# Exercise instructions
Send back all of the records, each one exactly as written.

===== Information shown =====

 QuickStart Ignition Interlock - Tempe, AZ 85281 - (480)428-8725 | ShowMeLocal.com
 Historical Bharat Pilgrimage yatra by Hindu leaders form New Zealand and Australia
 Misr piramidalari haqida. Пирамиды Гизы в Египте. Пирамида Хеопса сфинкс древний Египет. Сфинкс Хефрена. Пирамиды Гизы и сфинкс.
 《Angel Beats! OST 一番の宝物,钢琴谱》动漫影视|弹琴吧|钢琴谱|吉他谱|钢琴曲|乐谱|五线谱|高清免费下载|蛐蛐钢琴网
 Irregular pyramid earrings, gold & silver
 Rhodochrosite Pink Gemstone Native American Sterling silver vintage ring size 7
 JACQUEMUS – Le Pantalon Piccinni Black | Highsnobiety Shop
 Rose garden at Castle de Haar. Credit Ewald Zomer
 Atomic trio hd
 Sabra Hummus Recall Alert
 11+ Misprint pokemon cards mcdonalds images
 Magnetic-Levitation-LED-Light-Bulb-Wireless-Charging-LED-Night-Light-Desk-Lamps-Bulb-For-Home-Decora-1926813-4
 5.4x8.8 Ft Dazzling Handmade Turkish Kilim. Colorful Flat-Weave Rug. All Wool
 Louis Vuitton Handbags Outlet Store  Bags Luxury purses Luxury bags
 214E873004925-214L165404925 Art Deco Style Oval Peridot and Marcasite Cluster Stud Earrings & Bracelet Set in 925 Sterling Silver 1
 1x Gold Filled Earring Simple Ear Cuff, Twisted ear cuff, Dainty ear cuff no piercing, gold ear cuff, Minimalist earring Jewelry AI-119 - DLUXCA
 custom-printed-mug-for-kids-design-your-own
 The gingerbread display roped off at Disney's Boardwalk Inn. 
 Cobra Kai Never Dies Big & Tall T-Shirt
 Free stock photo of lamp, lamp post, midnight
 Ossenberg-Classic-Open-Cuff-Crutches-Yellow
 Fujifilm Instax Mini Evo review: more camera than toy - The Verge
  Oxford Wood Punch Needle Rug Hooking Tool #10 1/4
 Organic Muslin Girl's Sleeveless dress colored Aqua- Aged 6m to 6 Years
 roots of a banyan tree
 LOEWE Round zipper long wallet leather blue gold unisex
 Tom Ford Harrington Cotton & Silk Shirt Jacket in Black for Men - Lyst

=====

# Response
 QuickStart Ignition Interlock - Tempe, AZ 85281 - (480)428-8725 | ShowMeLocal.com
 Historical Bharat Pilgrimage yatra by Hindu leaders form New Zealand and Australia
 Misr piramidalari haqida. Пирамиды Гизы в Египте. Пирамида Хеопса сфинкс древний Египет. Сфинкс Хефрена. Пирамиды Гизы и сфинкс.
 《Angel Beats! OST 一番の宝物,钢琴谱》动漫影视|弹琴吧|钢琴谱|吉他谱|钢琴曲|乐谱|五线谱|高清免费下载|蛐蛐钢琴网
 Irregular pyramid earrings, gold & silver
 Rhodochrosite Pink Gemstone Native American Sterling silver vintage ring size 7
 JACQUEMUS – Le Pantalon Piccinni Black | Highsnobiety Shop
 Rose garden at Castle de Haar. Credit Ewald Zomer
 Atomic trio hd
 Sabra Hummus Recall Alert
 11+ Misprint pokemon cards mcdonalds images
 Magnetic-Levitation-LED-Light-Bulb-Wireless-Charging-LED-Night-Light-Desk-Lamps-Bulb-For-Home-Decora-1926813-4
 5.4x8.8 Ft Dazzling Handmade Turkish Kilim. Colorful Flat-Weave Rug. All Wool
 Louis Vuitton Handbags Outlet Store  Bags Luxury purses Luxury bags
 214E873004925-214L165404925 Art Deco Style Oval Peridot and Marcasite Cluster Stud Earrings & Bracelet Set in 925 Sterling Silver 1
 1x Gold Filled Earring Simple Ear Cuff, Twisted ear cuff, Dainty ear cuff no piercing, gold ear cuff, Minimalist earring Jewelry AI-119 - DLUXCA
 custom-printed-mug-for-kids-design-your-own
 The gingerbread display roped off at Disney's Boardwalk Inn. 
 Cobra Kai Never Dies Big & Tall T-Shirt
 Free stock photo of lamp, lamp post, midnight
 Ossenberg-Classic-Open-Cuff-Crutches-Yellow
 Fujifilm Instax Mini Evo review: more camera than toy - The Verge
  Oxford Wood Punch Needle Rug Hooking Tool #10 1/4
 Organic Muslin Girl's Sleeveless dress colored Aqua- Aged 6m to 6 Years
 roots of a banyan tree
 LOEWE Round zipper long wallet leather blue gold unisex
 Tom Ford Harrington Cotton & Silk Shirt Jacket in Black for Men - Lyst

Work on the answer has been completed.